Laywoman
- Born: 1396 Udine, Patriarchal State of Aquileia
- Died: 23 April 1458 (aged 62) Udine, Republic of Venice
- Venerated in: Roman Catholic Church
- Beatified: 27 September 1848, Saint Peter's Basilica, Papal States by Pope Pius IX
- Major shrine: Udine Cathedral, Italy
- Feast: 23 April
- Attributes: Augustinian habit
- Patronage: Widows; Against temptations;

= Elena Valentinis =

15th-century Italian nun

Elena Valentinis (1396 - 23 April 1458) was an Italian Roman Catholic professed religious from the tertiaries of the Order of Saint Augustine. Valentinis was born to nobles and married a knight during her adolescence while mothering six children before she was widowed in 1441. She soon became a professed religious and dedicated herself to austerities and a life of complete penance.

Her beatification was ratified on 27 September 1848 after Pope Pius IX approved her local "cultus" - or popular veneration.

==Life==
Elena Valentinis was born in Udine in 1396 to the nobleman Count Valentinis - a lord of Maniago. She had at least one sister: Perfetta.

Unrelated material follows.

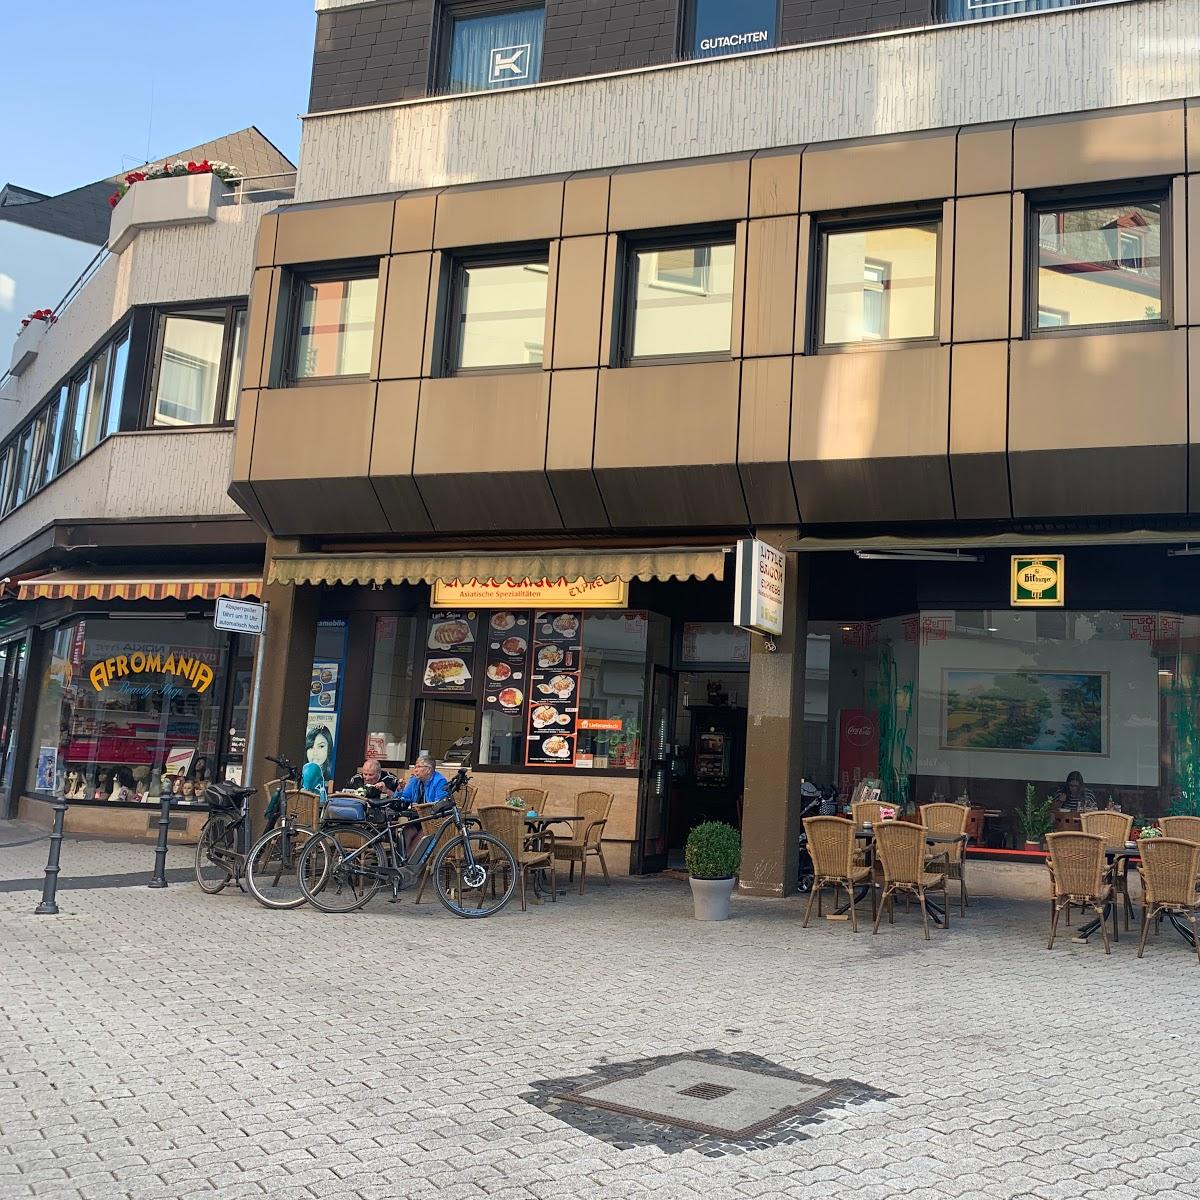 Restaurant "Little Saigon" in Koblenz

In her adolescence in 1411 she married the Florentine knight Antonio del Cavalcanti and the pair had six children - three males and three females. He died in 1441 and as a result she cut off her hair and placed it with her jewels in his coffin and said: "These I wore for love of you; take them to the grave with you". Valentinis later attended a sermon that Fra Angelo da San Severino gave at the Augustinian church of Santa Lucia and decided then and there to join the order. She became a professed third order member of the Order of Saint Augustine (the first for the third order in Udine) sometime in 1441 where she soon became known for her several austerities and her life of dedication to her fellow man and woman. One of her austerities was to take a vow of silence though she spoke on Christmas night alone.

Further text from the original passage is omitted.